#### What is needed
Check every line below for the word "Good" and show those that hold it.

#### Source data
━━━━━━━━━━━━━━━━━━━━━━━━━━━━━━

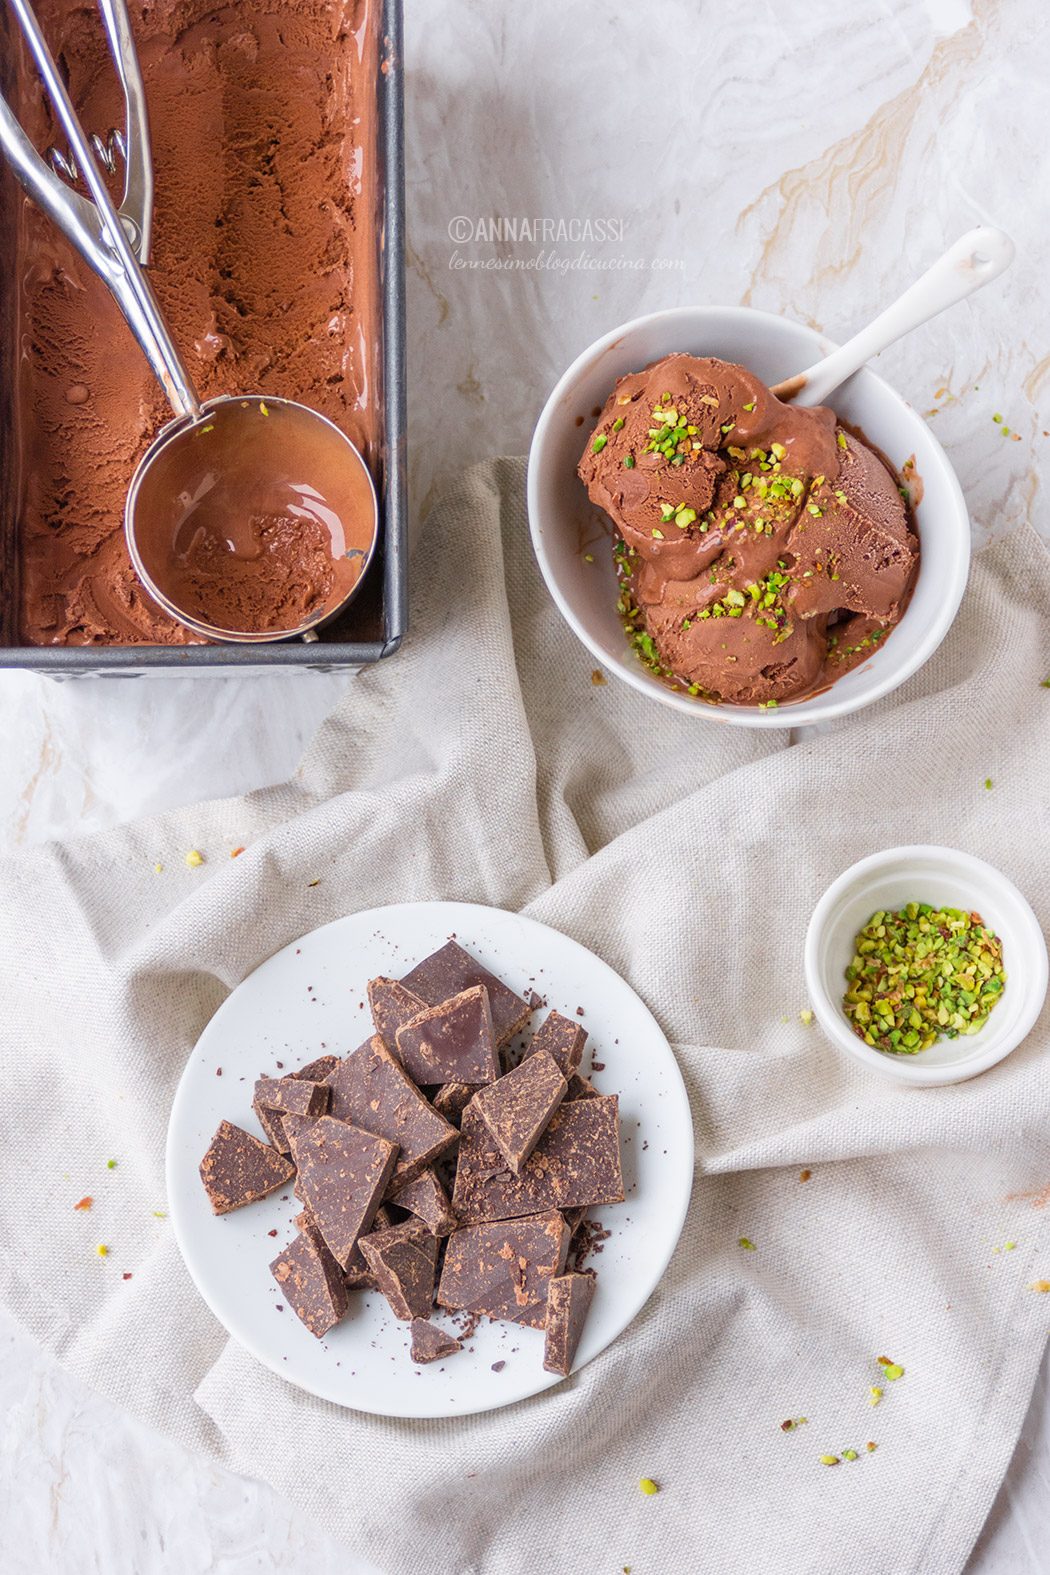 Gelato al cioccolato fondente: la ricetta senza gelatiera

━━━━━━━━━━━━━━━━━━━━━━━━━━━━━━

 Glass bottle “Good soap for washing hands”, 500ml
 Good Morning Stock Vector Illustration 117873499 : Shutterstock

━━━━━━━━━━━━━━━━━━━━━━━━━━━━━━

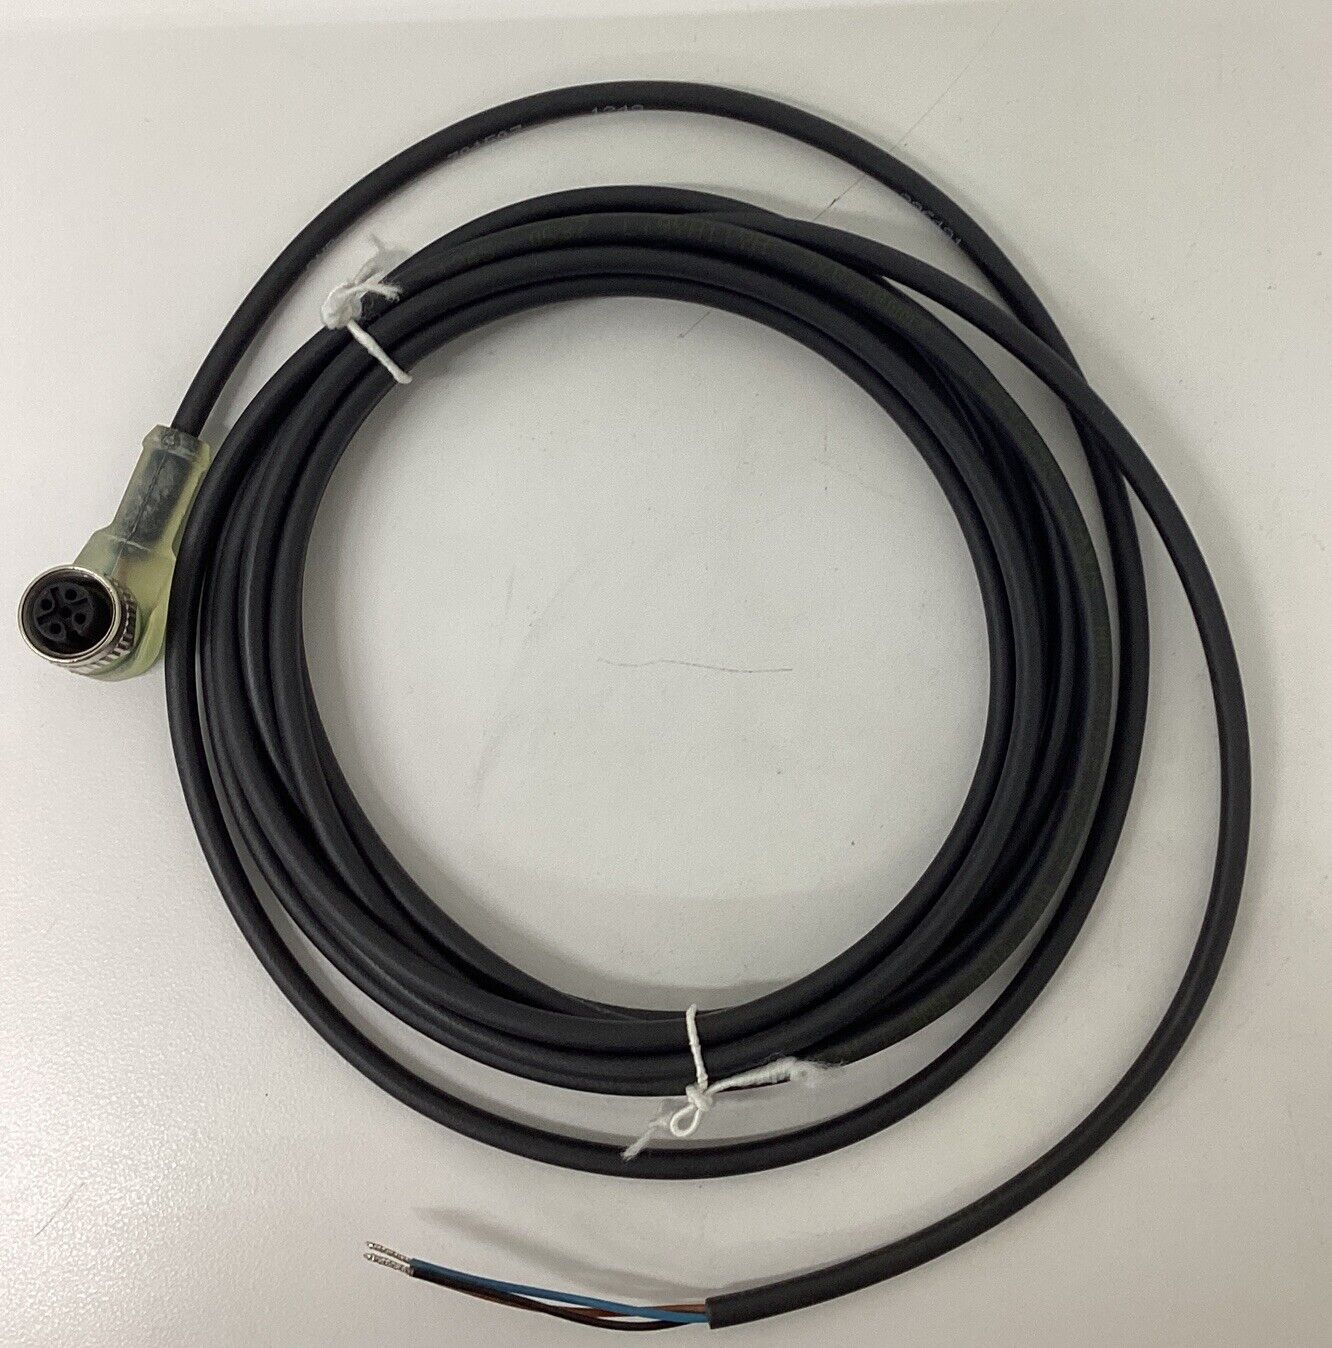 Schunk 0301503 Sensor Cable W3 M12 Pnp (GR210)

━━━━━━━━━━━━━━━━━━━━━━━━━━━━━━

#### Completed task
 Glass bottle “Good soap for washing hands”, 500ml
 Good Morning Stock Vector Illustration 117873499 : Shutterstock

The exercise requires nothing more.